- A new study from the National Center for Education Statistics (NCES) shows that students whose parents did not attend college are 19% less likely themselves to finish college than students whose parents have some college experience.
- According to the data, first-generation students are less likely to have participated in advanced placement or college prep courses in high school and are less likely to enroll in college at all after high school graduation, with only 72% of first-generation students enrolling within 10 years compared to 93% of non-first-generation students.
- First-generation students are more likely to enroll in community, technical or for-profit colleges, but less likely to earn degrees from these schools or to transfer to a four-year institution. In fact, only14% of all students attending two-year institutions earn a bachelor's degree after transferring to a four-year institution within six years of college entry.
The unspoken liability for most first-generation college students is a lack of resources, and with that financial challenge are the cultural and economic resources that impede these students from even considering college. Arizona State University is one example of how institutions directly reach out to parents to help them understand how college helps to advance earning potential and why students should not be pressured to forego college in order to help with household financial support.

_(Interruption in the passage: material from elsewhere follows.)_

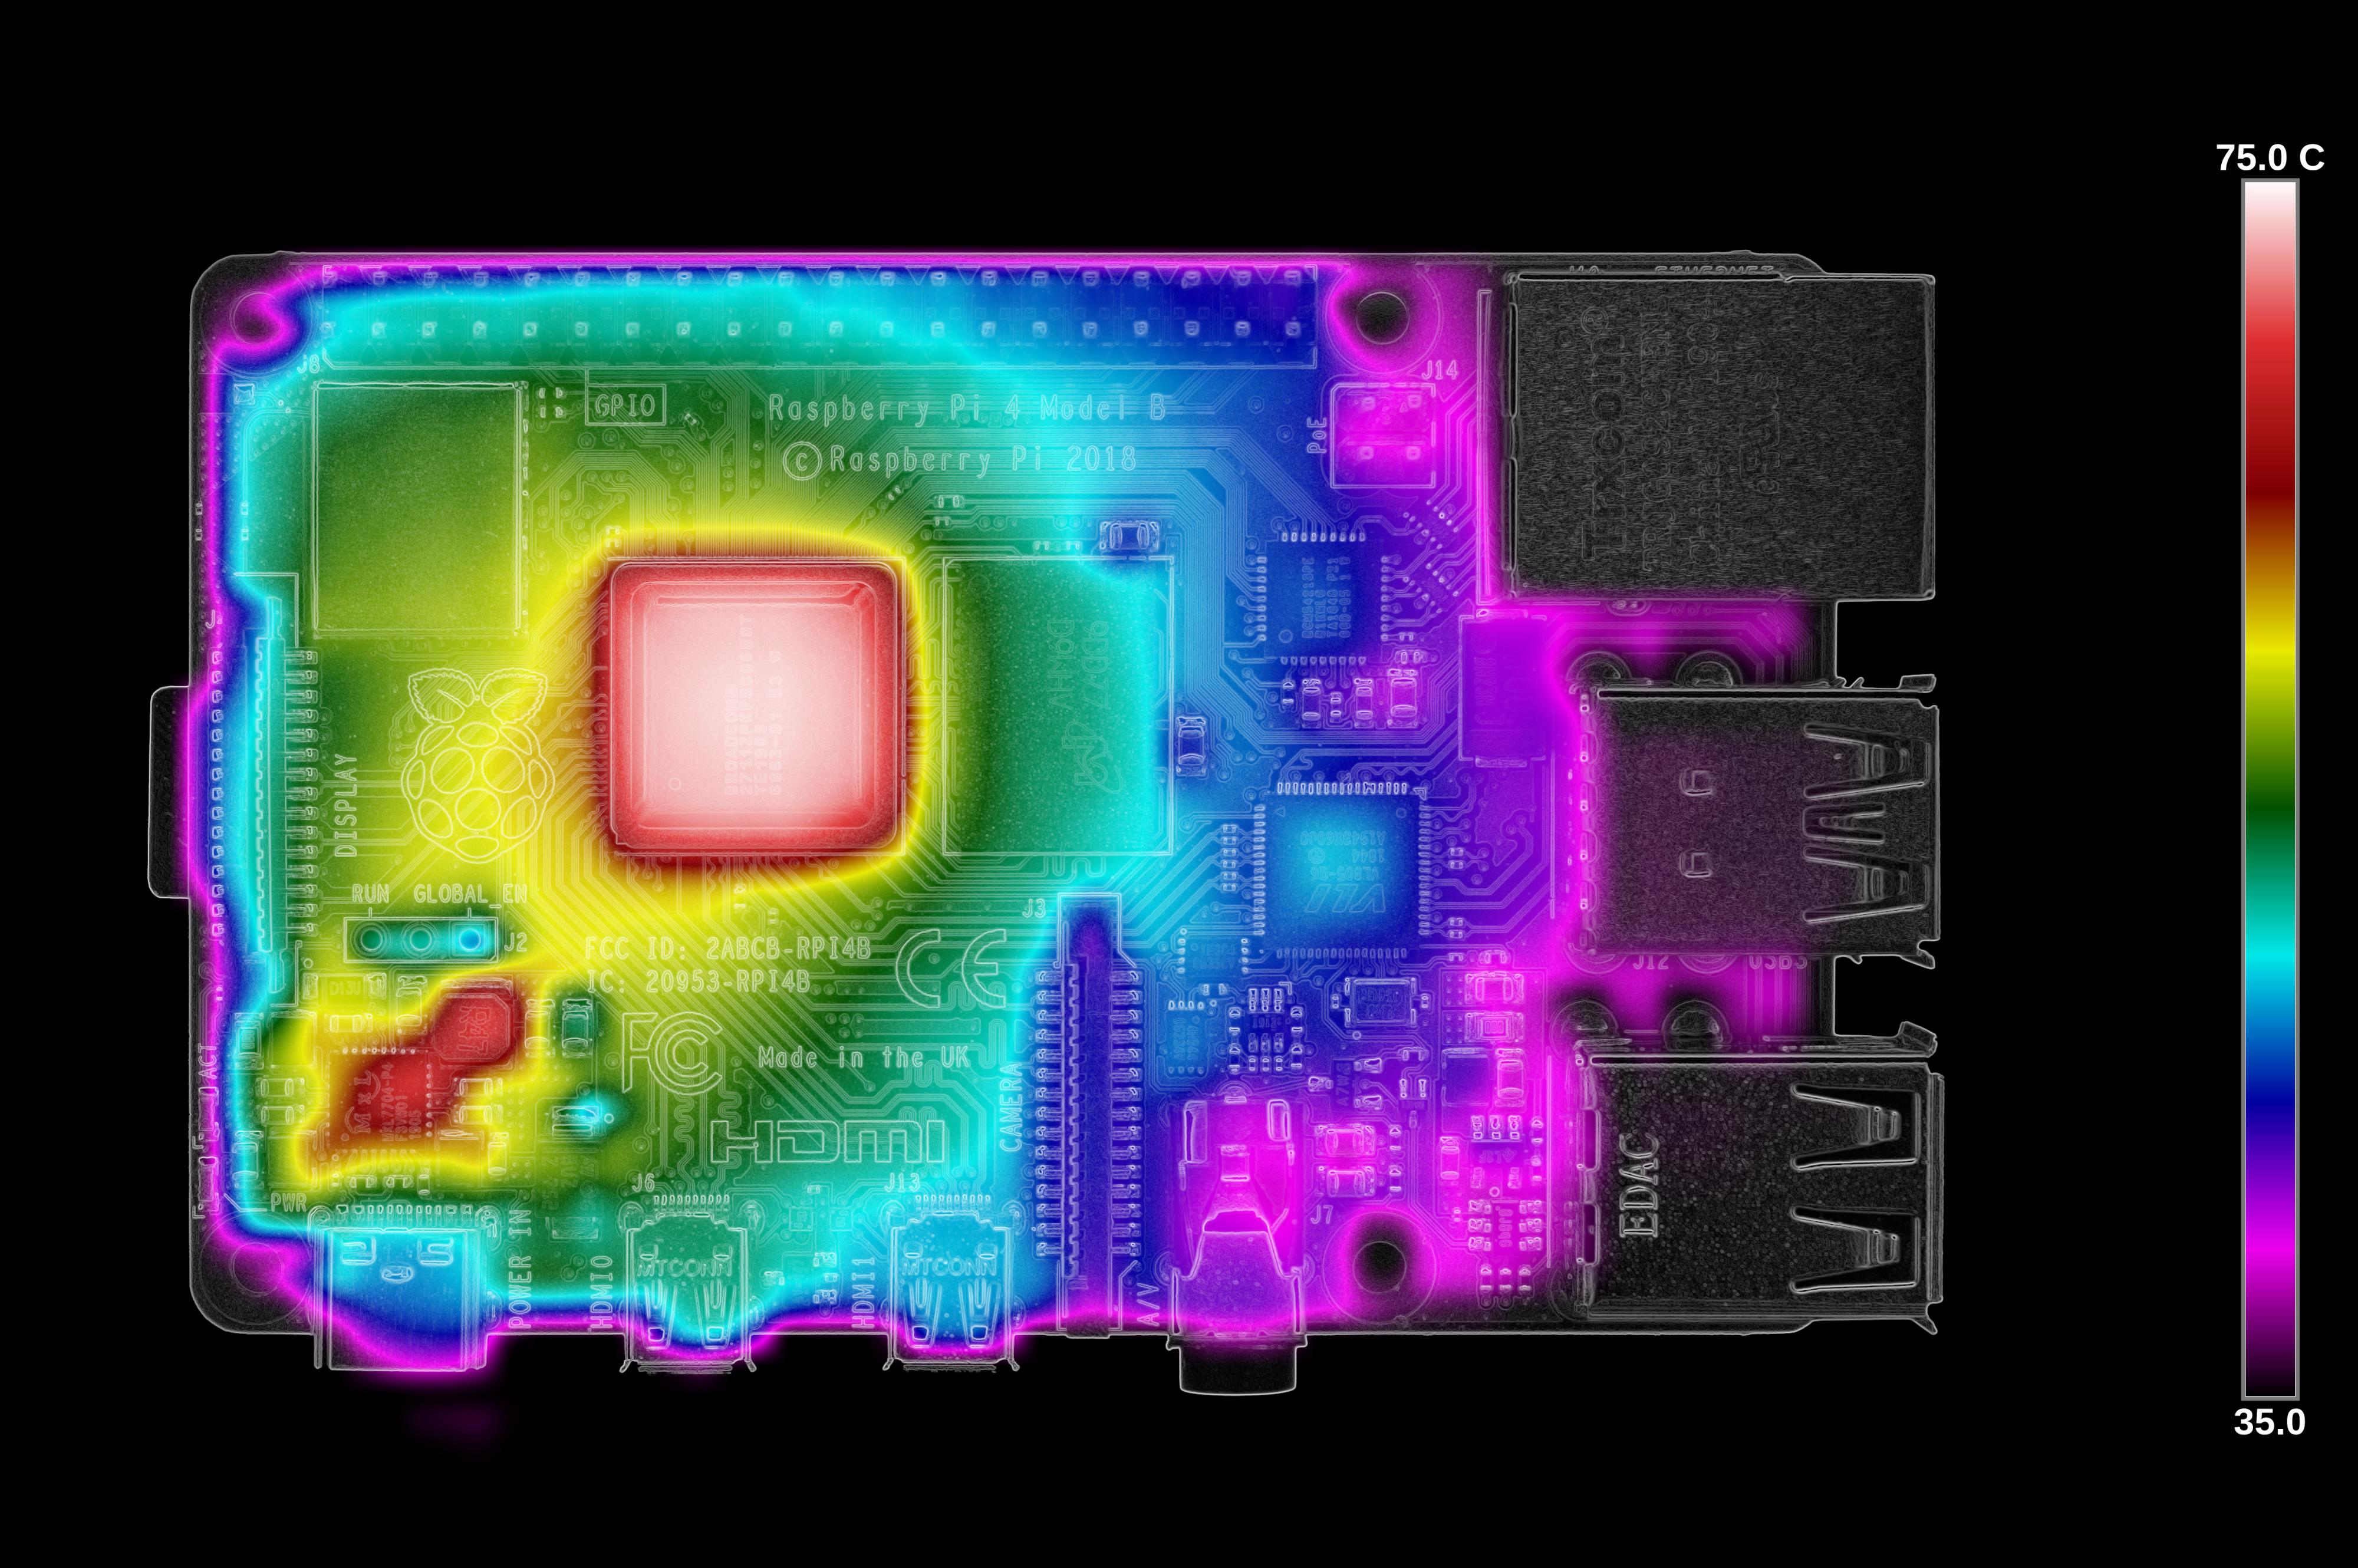 Тестирование Raspberry Pi 4 на нагрев - 15
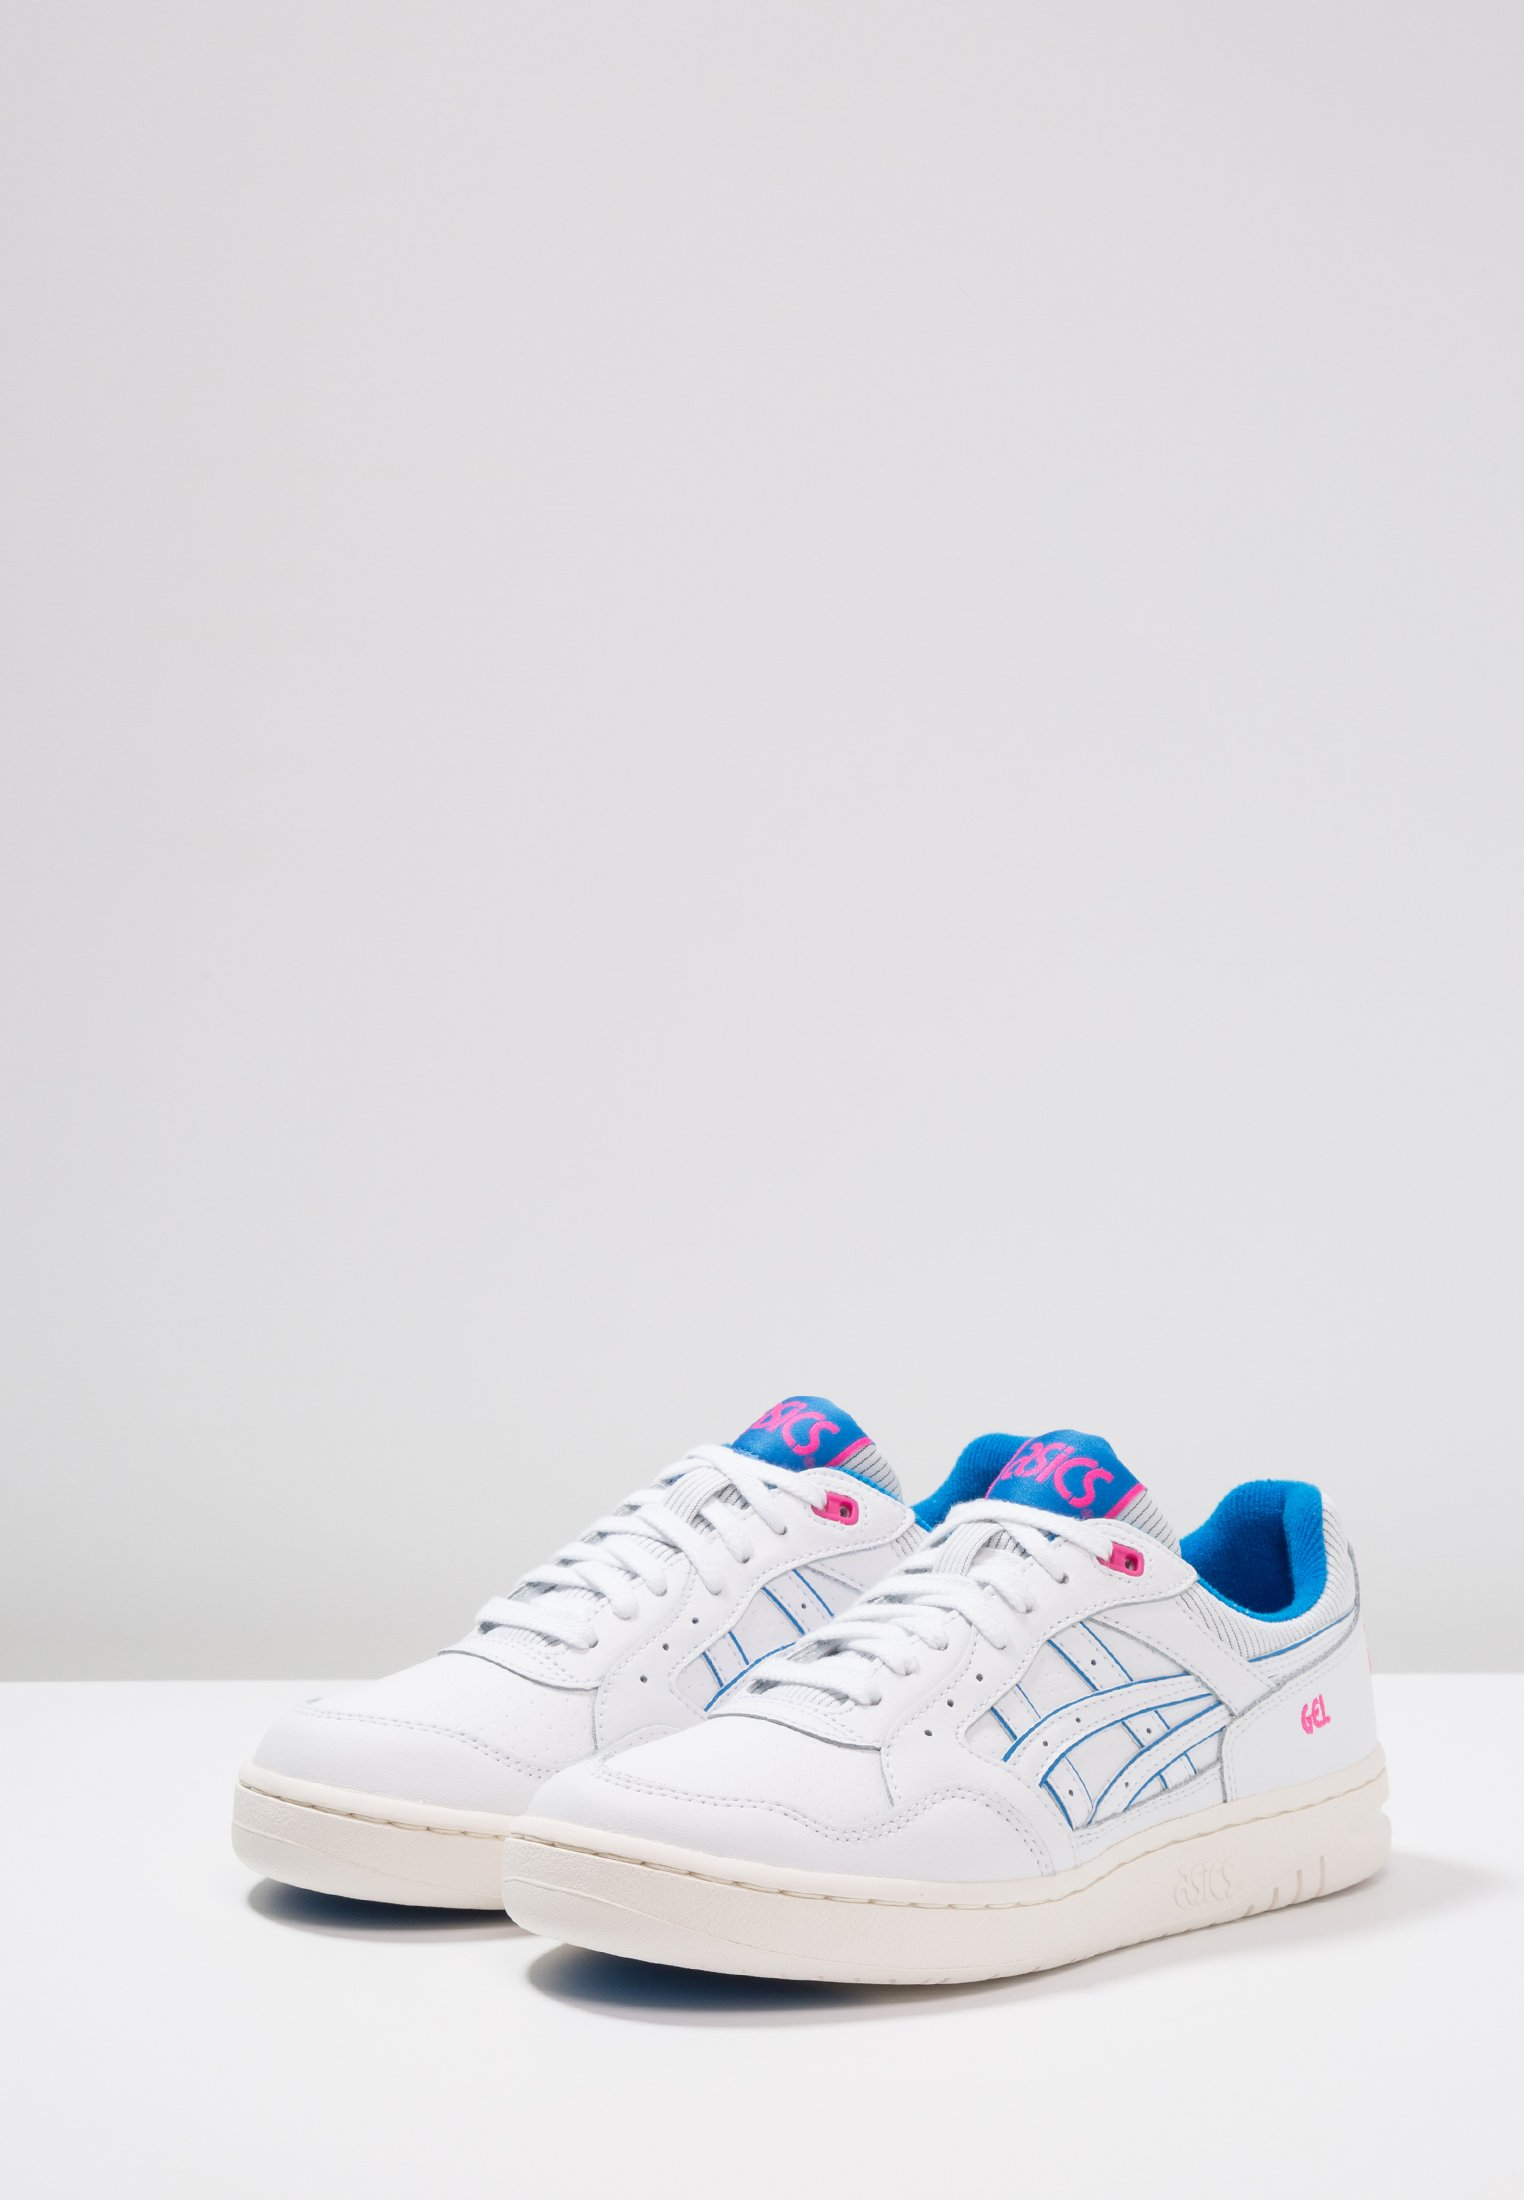 GEL CIRCUIT Sneaker low whitedirectoire blue

Another challenge for this student group is their access to money to help in paying for associated educational costs, such as transportation, textbooks, and food. Institutions in Florida, Maryland, and Virginia are piloting open-source textbook and material access to help lower expenses for students while increasing prospects for completion.
Addressing the orbital resource and cultural issues for students is the biggest fight in encouraging college completion; at least until campuses have to deal with helping students to feel welcomed on campus if they are in racial, economic minority groups.